En adoptant un nouvel état d’esprit : repensez les faiblesses comme des atouts !
Avec le temps qui passe, les hommes deviennent moins instinctifs et plus «émotionnels». C’est un vrai plus dans la relation sexuelle, ils privilégient davantage la qualité à la quantité ou la performance.
Tout est plus long (ou plus rapide) dans la relation sexuelle, l’excitation et les préliminaires, le maintien de l’excitation, l’éjaculation, la période réfractaire, la qualité de l’orgasme… Il faut donc soutenir davantage les stimulations sexuelles, ce qui oblige à travailler son cinéma érotique et à faire preuve d’imagination.
On se connaît mieux avec le temps.
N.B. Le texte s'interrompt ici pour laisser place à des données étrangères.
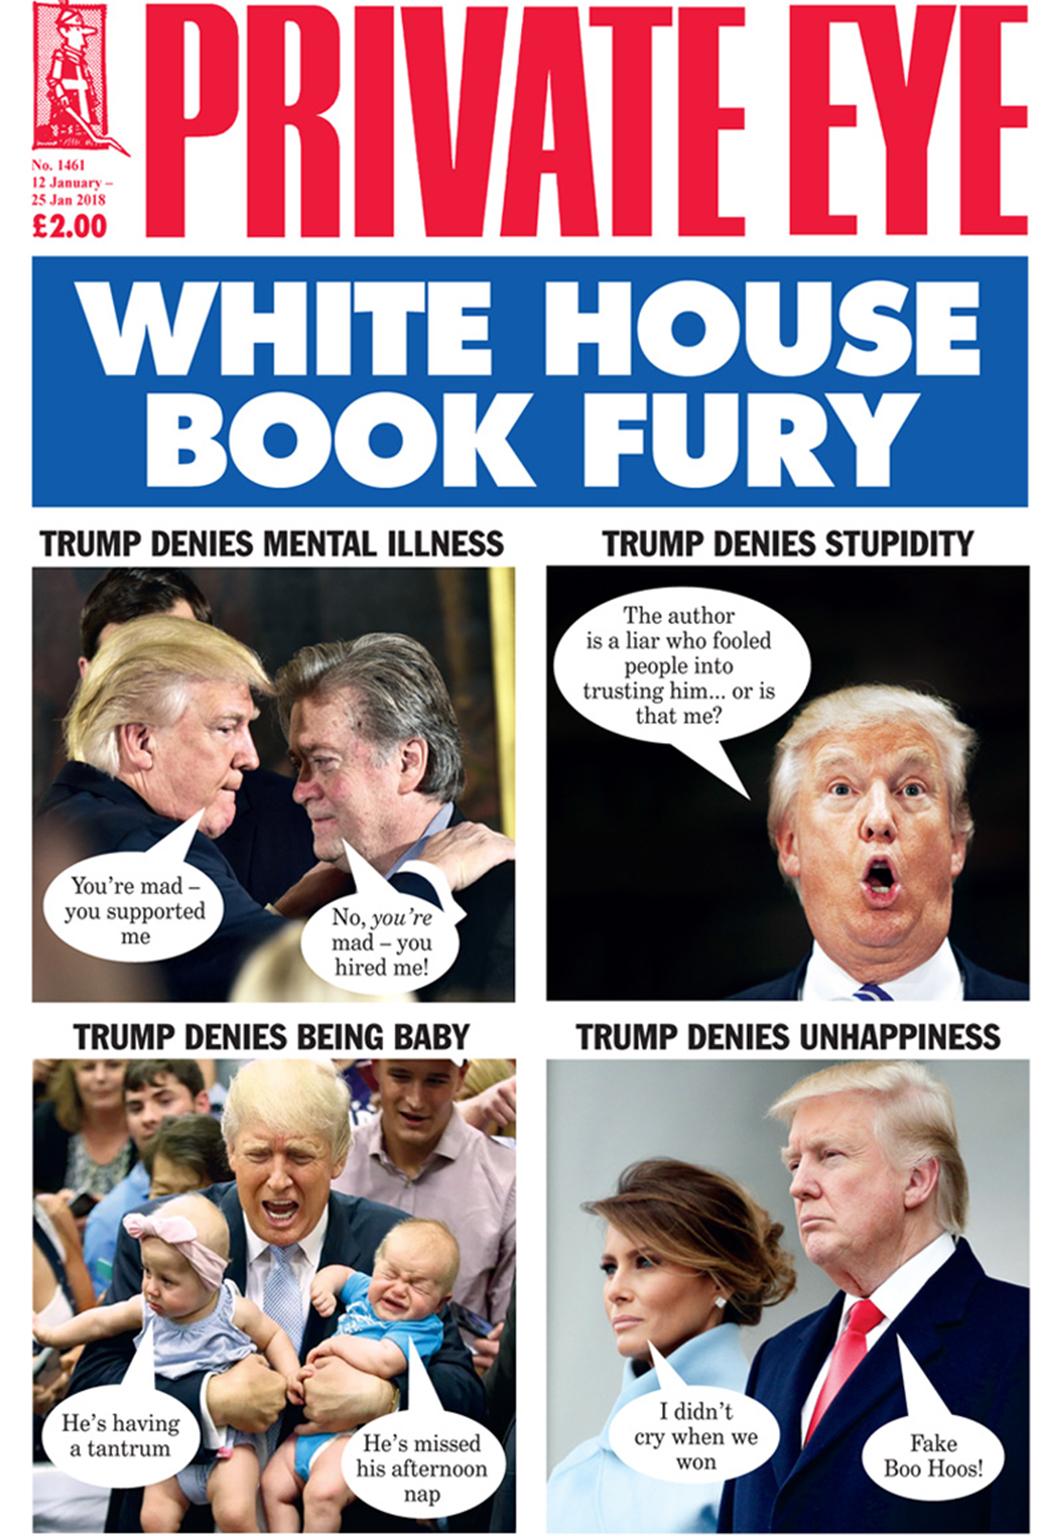 Private Eye’s front cover this week

Son corps, son orgasme, ses faiblesses, ses forces, c’est familier. On peut donc se permettre d’exprimer plus facilement ses désirs, ses attentes, ses refus, ouvertement et sans complexe.
La routine des vieux amants a des qualités à ne pas sous-estimer. Elle sécurise et n’oblige pas à se remettre en question à chaque fois (ce qui est épuisant à la longue !). Elle s’appuie sur une solide connaissance de l’autre et s’accompagne de rituels apaisants (retrouvailles qui rythment et ponctuent le quotidien).